The Trump administration recently declared, in the midst of the coronavirus emergency, that it would suspend the United States’ financial support for the World Health Organization, a United Nations agency that coordinates a wide range of international health efforts. The United States typically contributes more than US$400 million per year to the organization, roughly 15% of its annual budget.
In announcing the suspension of U.S. funding, Secretary of State Mike Pompeo claimed that WHO had failed to provide “real information about what’s going on in the global health space.” President Trump suggested that the agency had colluded with the Chinese government in withholding information about the nature of the outbreak: “I have a feeling they knew exactly what was going on,” he said. And he sought to deflect blame for his administration’s disorganized response by pinning responsibility on global health officials: “So much death has been caused by their mistakes.”
To assess these claims, it is important to understand the context in which WHO officials make critical decisions at the early stages of a disease outbreak. As I explore in my recent book, “Unprepared: Global Health in a Time of Emergency,” WHO is constrained in its ability to gather knowledge about disease outbreaks and to intervene in national settings. It must rely on national governments for information about an outbreak and for permission to send investigators to learn more details. The agency’s power is limited to providing technical assistance and issuing recommendations.
Critical moments of decision
In January 2020, infectious disease experts scrambled to understand key aspects of the novel coronavirus, such as its rate of transmission and its severity. At that point, it was not yet possible to know exactly what was going on with the disease. Nonetheless, WHO officials had to make urgent decisions—such as whether to declare a global health emergency—in a situation of uncertainty.
More generally, much critical information about what is happening in the global health space can be known only in retrospect, once data on the event has been gathered, analyzed and disseminated by the scientific community.
Two other recent global health emergencies are instructive: the 2009 H1N1 influenza pandemic and the 2014 Ebola epidemic. In the aftermath of each of these outbreaks, WHO was sharply criticized for its early response.

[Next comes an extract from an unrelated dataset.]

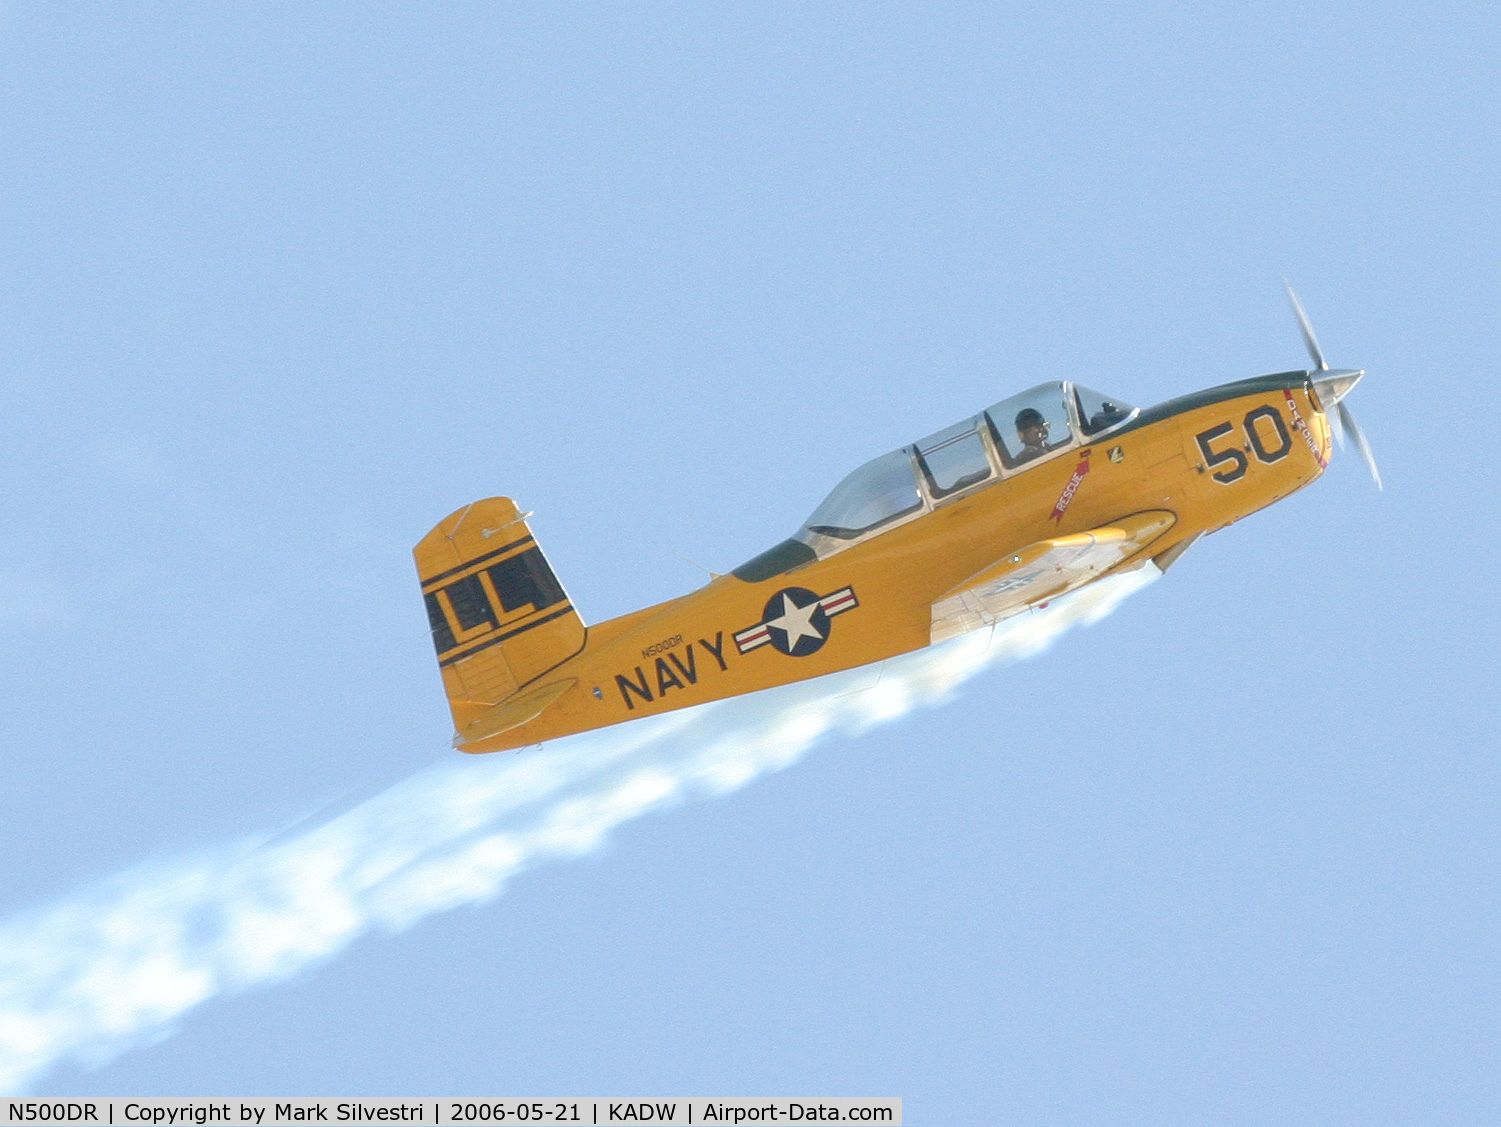 N500DR, 1954 Beech T-34A (A45) Mentor Mentor C/N G-31, Andrews AFB 2006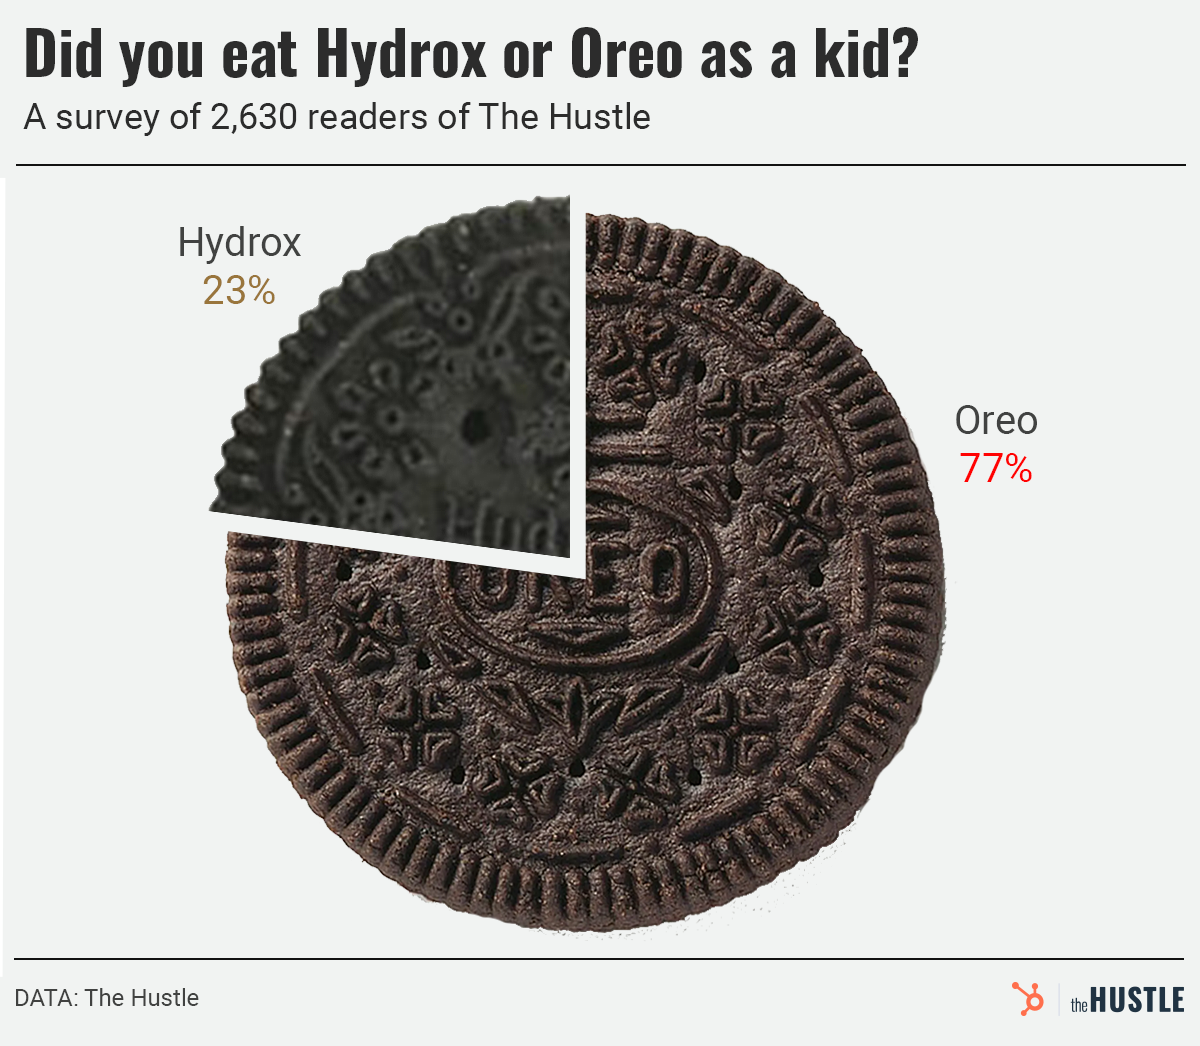 A pie chart depicting a survey that found 23% of Hustle readers ate Hydrox as a child compared to 77% who ate Oreos.

When a novel strain of H1N1 influenza was first detected in the spring 2009, global health officials feared that it could spark a catastrophic pandemic. Within weeks of the virus’s appearance, WHO officially declared a global health emergency. The declaration urged countries to put their existing pandemic preparedness plans into action. In response, a number of national governments implemented mass vaccination campaigns, making advanced purchases of millions of doses of H1N1 vaccine from pharmaceutical companies.
Over the next several months, as the vaccine was manufactured and vaccination campaigns were implemented, epidemiological studies revealed that H1N1 was a relatively mild strain of influenza, with a case fatality ratio similar to that of seasonal flu.
In many countries, when the H1N1 vaccine finally became available in the fall 2009, there were few takers. National governments had spent hundreds of millions of dollars on campaigns that immunized, in some cases, less than 10% of the population.
Critics in Europe accused WHO of having exaggerated the pandemic threat in order to generate profits for the pharmaceutical industry, pointing to consulting arrangements that the agency’s influenza experts had with vaccine manufacturers. According to one prominent critic, the WHO declaration of a health emergency in response to H1N1 was “one of the greatest medical scandals of the century.”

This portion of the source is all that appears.